Things That I Love About My Wife...

...which aren't the obvious ones (such as how wonderful and beautiful she is!)
1 - she gets what it means to marry into a family and as such has shown great care, concern and love for my family. She gets that it isn't all about her but about being a part of something. The love she has shown my family and friends has actually challenged me to be a better me.
2 - she is infinitely more musical and skilled in this area than me yet she doesn't patronise me but has shown great discernment as to when to help, say something, teach me things.
3 - I love the sound of her voice, but she is so humble with it, she's part of a choir and she understands the whole is better than the singular and as such she joins with others in making a beautiful sound.
4 - she hasn't lost her rag at me when I put the pots and pans in the wrong cupboards.
5 - she'll enter into banter but knows what is appropriate and doesn't push things too far.
6 - she watches sport with me, she even actively puts it on for me. She also rightly predicted the Barca-Utd result and spotted everyone's favourite bald headed retired referee in New York!

A New App

I've downloaded a new blogging app for my fabby HTC Desire HD... this could be good, bad or dangerous!

Thursday, 28 April 2011

19 Days and Counting

So I've been in a state of wedded bliss for 19 days now!

Everything else is secondary.

Friday, 1 April 2011

madly madly in love

So this evening I popped along to the pub to catch up with an old work colleague. Four of us had a couple of drinks and naturally talk of my up coming nuptials abounded. It blessed me greatly hearing my friends talk about love, marriage and what I had in such glowing terms. It reminded me (like I needed it) about how gracious and generous God has been to me and how madly madly I am in love with my fiancee. She is amazing. And God has once again exceeded my expectations.

Tuesday, 29 March 2011

Almost Ten (Days...)

So tomorrow will be ten days until the wedding.

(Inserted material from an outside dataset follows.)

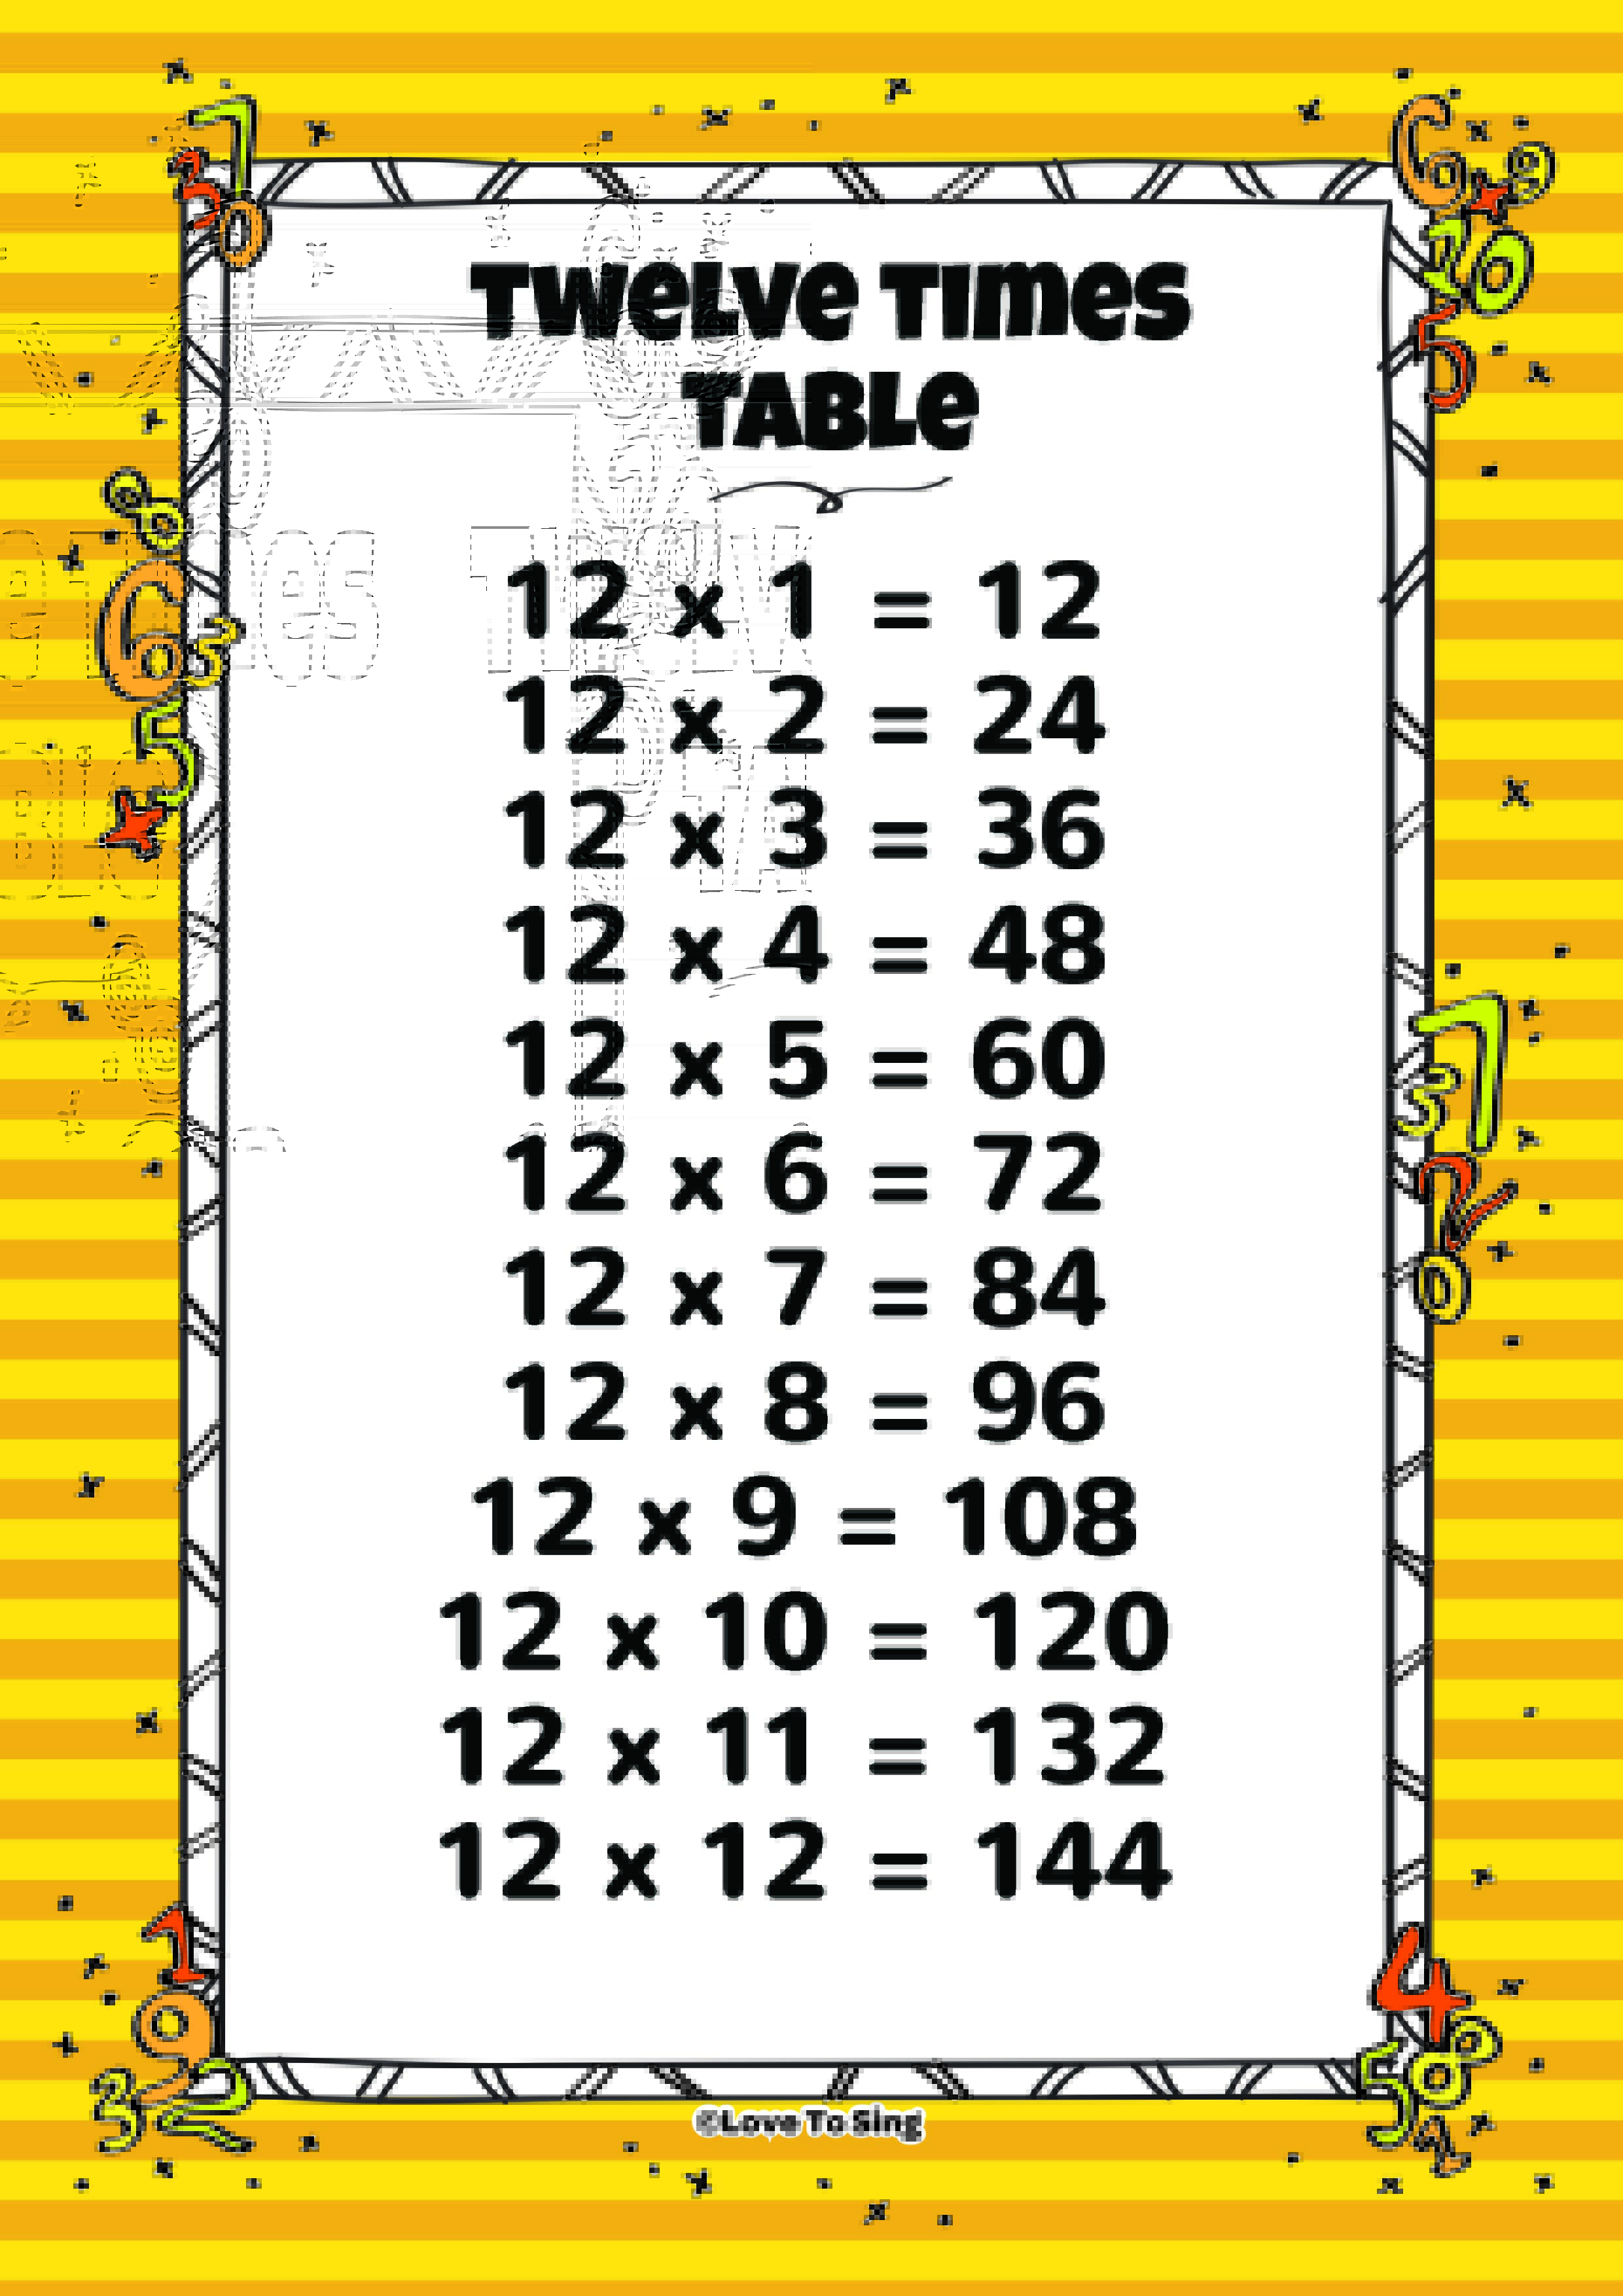 twelve-times-table-and-random-test-kids-video-song-with-free-lyrics-activities
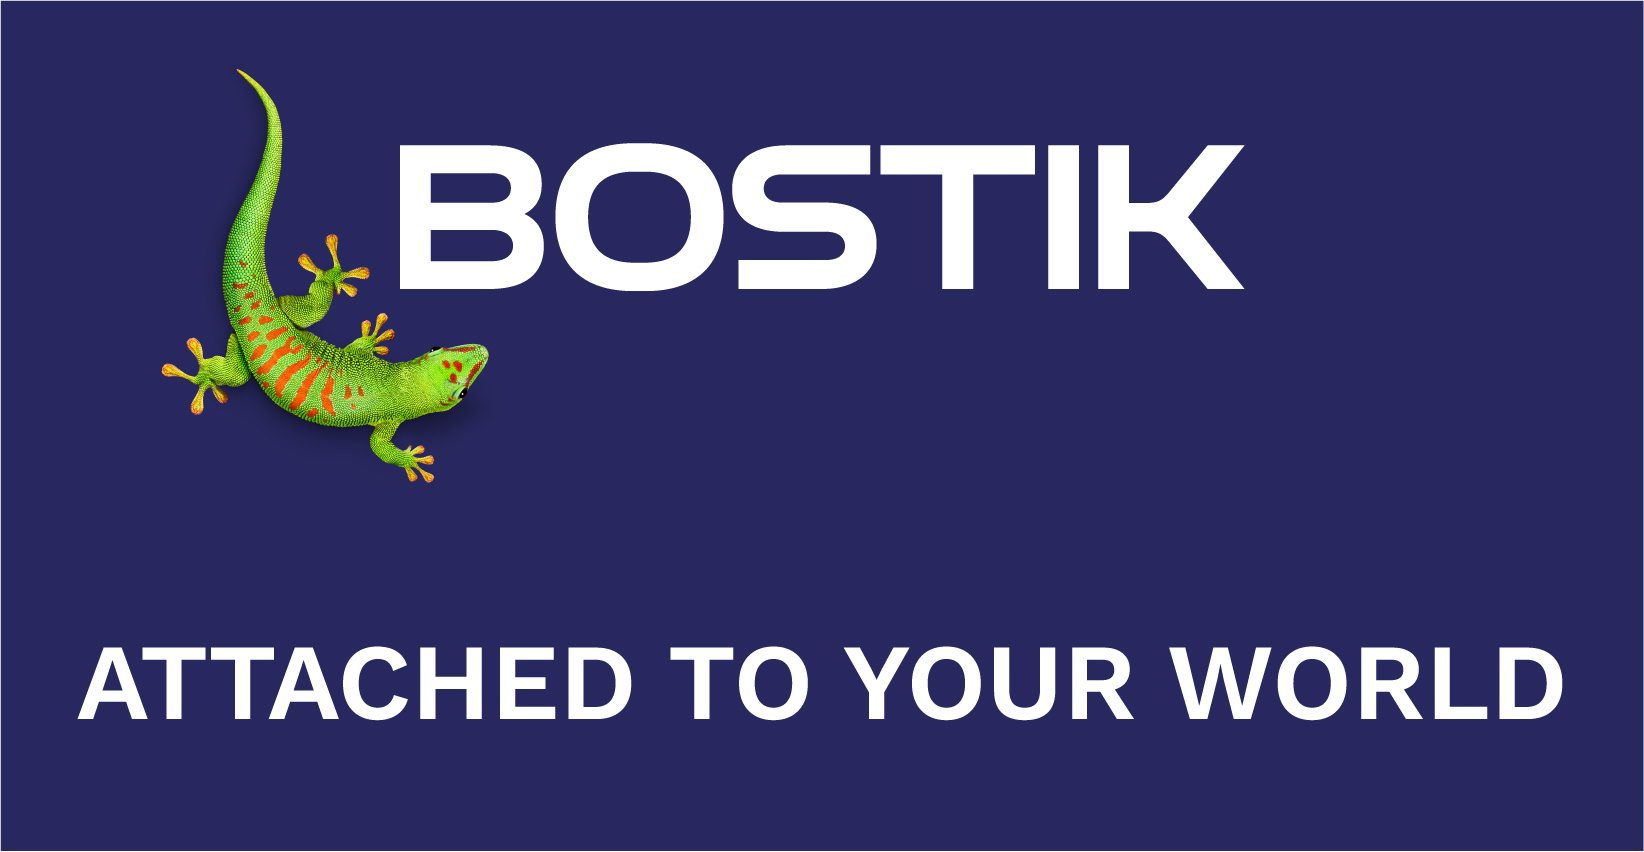  BOSTIK ATTACHED TO YOUR WORLD

As is blindingly obvious the last few months have been... very busy, quite stressful, interesting, fun, frustrating, wonderful and a whole heap of other emotions.

I've left my flat at 17A Long Lane - I intend to write about this another time. I am currently ensconced in my sister and brother in law's spare room. Chez Clark being my interim spot before becoming a married man and living in wedded bliss with my wife in Hayes.

The wedding stuff is almost complete - I intend to write about this after I get back from the honeymoon when I can look back on it all with rose tinted glasses of being a married man! I say rose tinted glasses, I genuinely have a pair so could just write it with them on.

The BBC website appears to be messing around, considering I have just downloaded a new web browser (joined the firefox brigade) and am trying to re-bookmark all my fave websites this is quite frustrating!

And finally I have started writing a song for my brother and his wife forthcoming nuptials. Tentatively titled "I Remember".

And finally finally some thank yous. To my wife to be; you are amazing and I fall more in love with you each day. To my family; thanks for putting up with me these last few months which have been quite strange for you all. To my friends; thanks for giving me the space to plan a wedding and being so helpful when called upon. To everyone else; thanks for whatever it is you've done to help!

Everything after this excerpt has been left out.